People less than 39 weren’t alive then.
And today – we can’t even launch a person into low Earth orbit.
He was a patriot to the end.
He made me so proud to be an Ohioan when I was 19 and still does. I’m sad.
He never liked the limelight.
Interestingly, besides the video of his first step, the only picture of Neil on the moon is his reflection in Buzz’s helmet, since he had the Hasselblad mounted on his suit.
RIP Neil
I was a 22 year old kid in the Navy that day in 1969, thinking I knew it all — I didn’t! I watched the event on a 6″ TV set plugged into the cigarette lighter of my car! Thank you Neil Armstrong for helping bring the technology from there to now! I share your name as my middle. Godspeed Neil Armstrong!
RIP , the coolest astronaut ever, and the acme of a more heroic age.
Remind us of what we so recently were, and shame us for what we have now become.
Possibly the most famous person to ever have lived – and probably one of the most missed at this time – RIP.
So many great people seem to be dying these days. The loss of the manned space program is an exclamation point on Neil Armstrong’s death.
I, too, am old enough to say, “I was there”, if only in watching him on TV after my school exams. Another mournful milestone. His family can be justly proud. R.I.P., Neil, you were a brave man.
Well, what can I say – as an Armstrong myself (no relation), for the last 40+ years, he has been affectionately referred to as my ‘Uncle Neil’ as a mark of respect. He also visited the Armstrong Clan Trust some 20 odd years ago at Bamburgh Castle and met my grandparents (both now deceased). They spoke very highly of him but noted he was quite meek and reserved.

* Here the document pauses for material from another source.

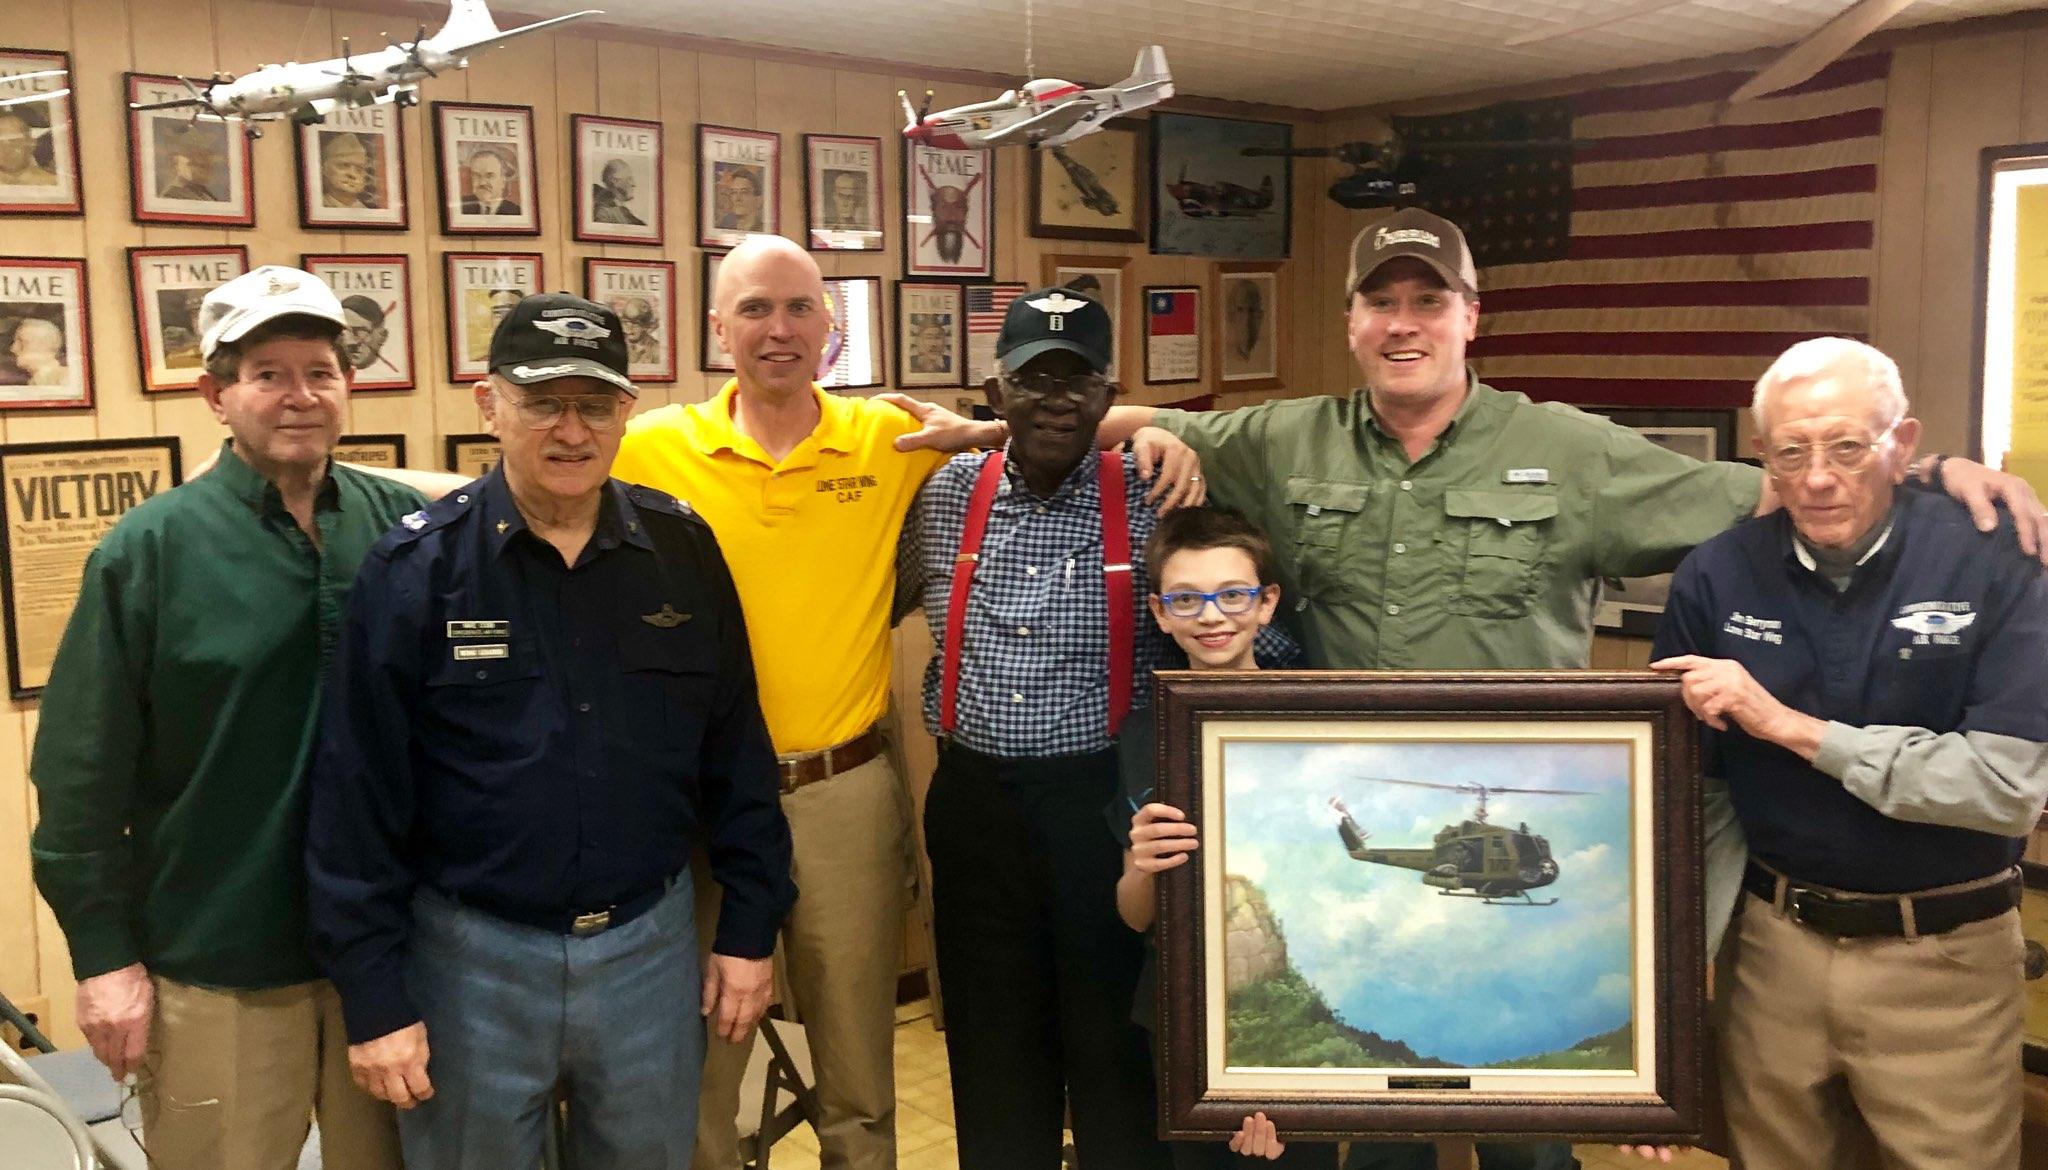 Photo of some of the members of the Lone Star Wing of the Commemorative Air Force.  Left to Right: Doyle Curry, Mike Cobb, Jimmy Page, Bob Snead, Wilson Page, Travis Keeney, and Jim Berryman.  Pictured with an original artwork donated by Bob of his UH-1C gunship 136, entitled 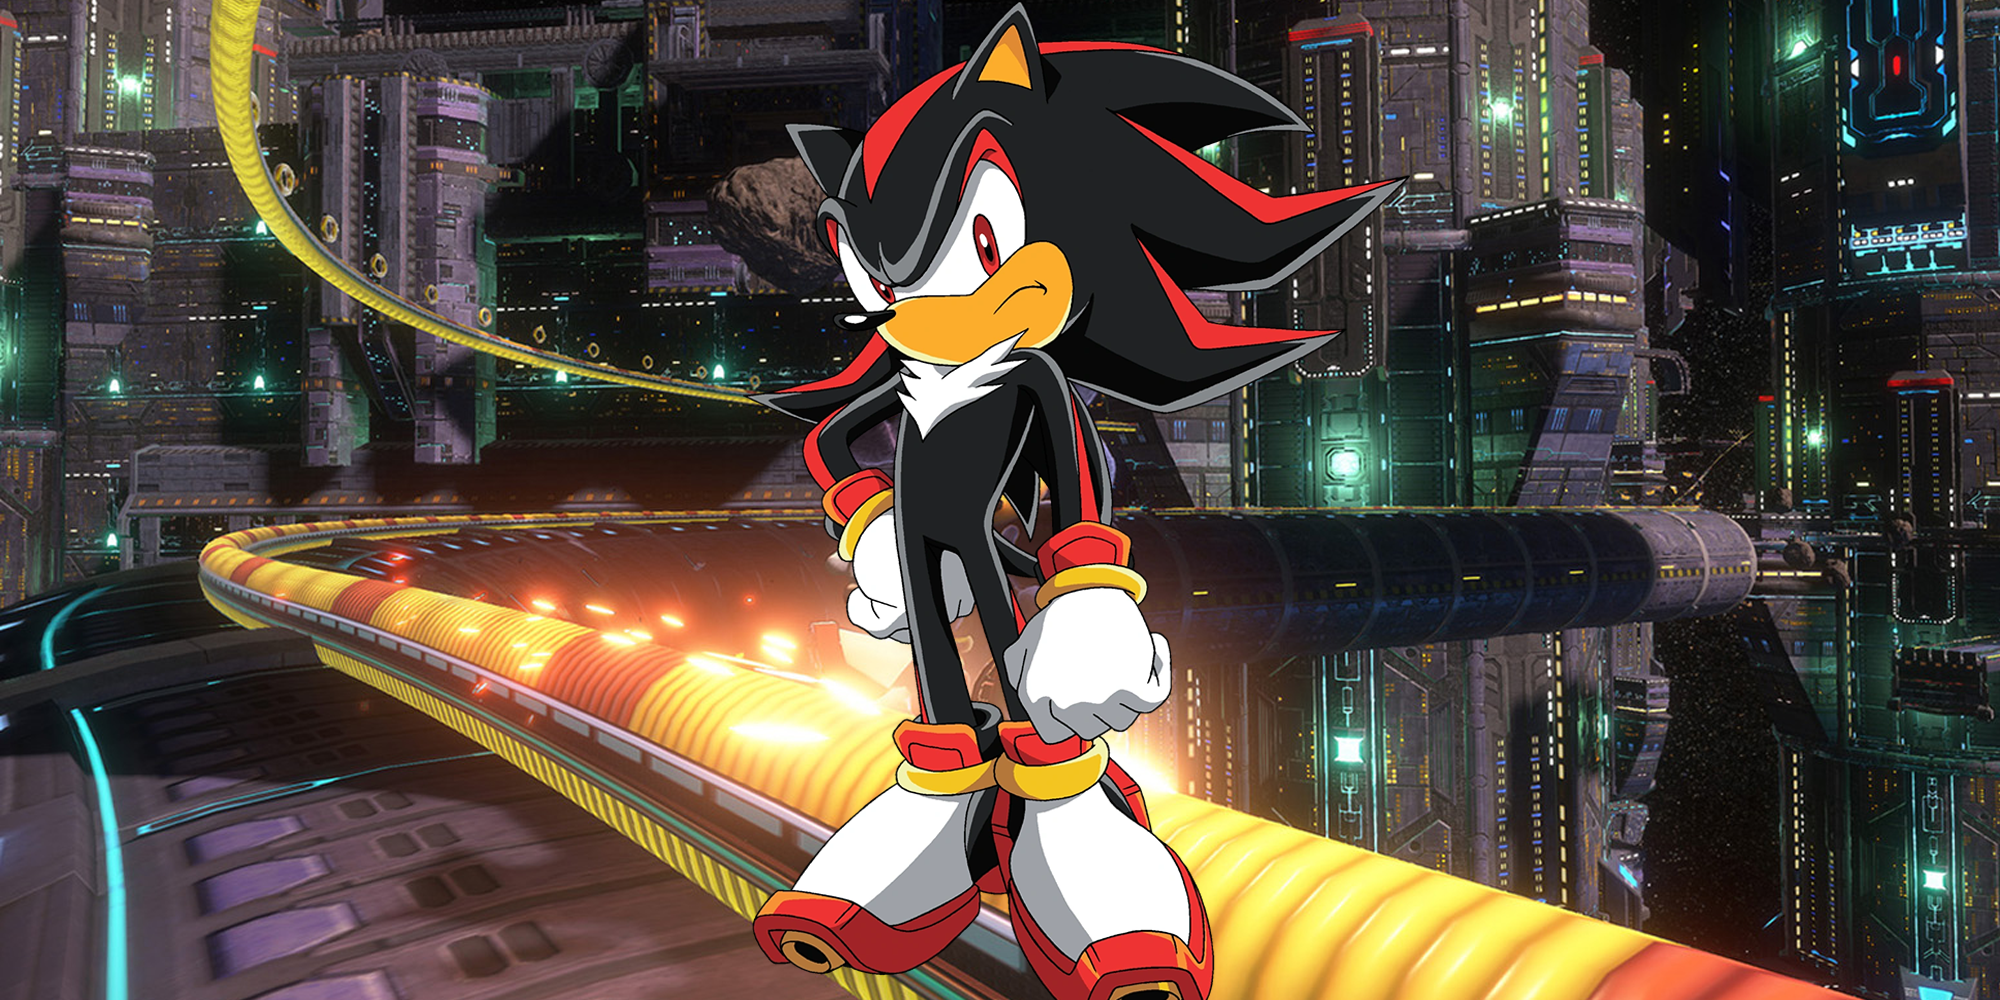 Shadow the Hedgehog official art from Sonic X

Still, a jolly good innings methinks, and a darned fine legacy for mankind!
RIP Niel Armstrong…….
He and Armstrong had only been on the lunar surface for a few minutes when Aldrin made the following public statement: “This is the LM pilot. I’d like to take this opportunity to ask every person listening in, whoever and wherever they may be, to pause for a moment and contemplate the events of the past few hours and to give thanks in his or her own way.” He then ended radio communication and there, on the silent surface of the moon, 250,000 miles from home, he read a verse from the Gospel of John, and he took communion. Here is his own account of what happened:
“In the radio blackout, I opened the little plastic packages which contained the bread and the wine. I poured the wine into the chalice our church had given me. In the one-sixth gravity of the moon, the wine slowly curled and gracefully came up the side of the cup.”
http://www.snopes.com/glurge/communion.asp
Very sorry to learn of the passing of Neil Armstrong. He was a childhood hero of mine.
“…next time you walk outside on a clear night and see the moon smiling down at you, think of Neil Armstrong and give him a wink.”
On what basis do you say that the U.S. manned space program is “dead”? We have astronauts aboard the station right now, and within three years or so, we’ll have multiple private American spaceflight providers. The next decade will be the most exciting for human spaceflight since the sixties.
Rand, we have no lifting capability for manned space flight at this time. I didn’t say it was permanently dead, but for for all intents and purposes, a U.S. manned space launch capability does not exist right now. All of the MSP launch hardware and much of the staff has been retired.
See you friend, on the dark side of the moon. GK
A different kind of NASA. A different kind of man.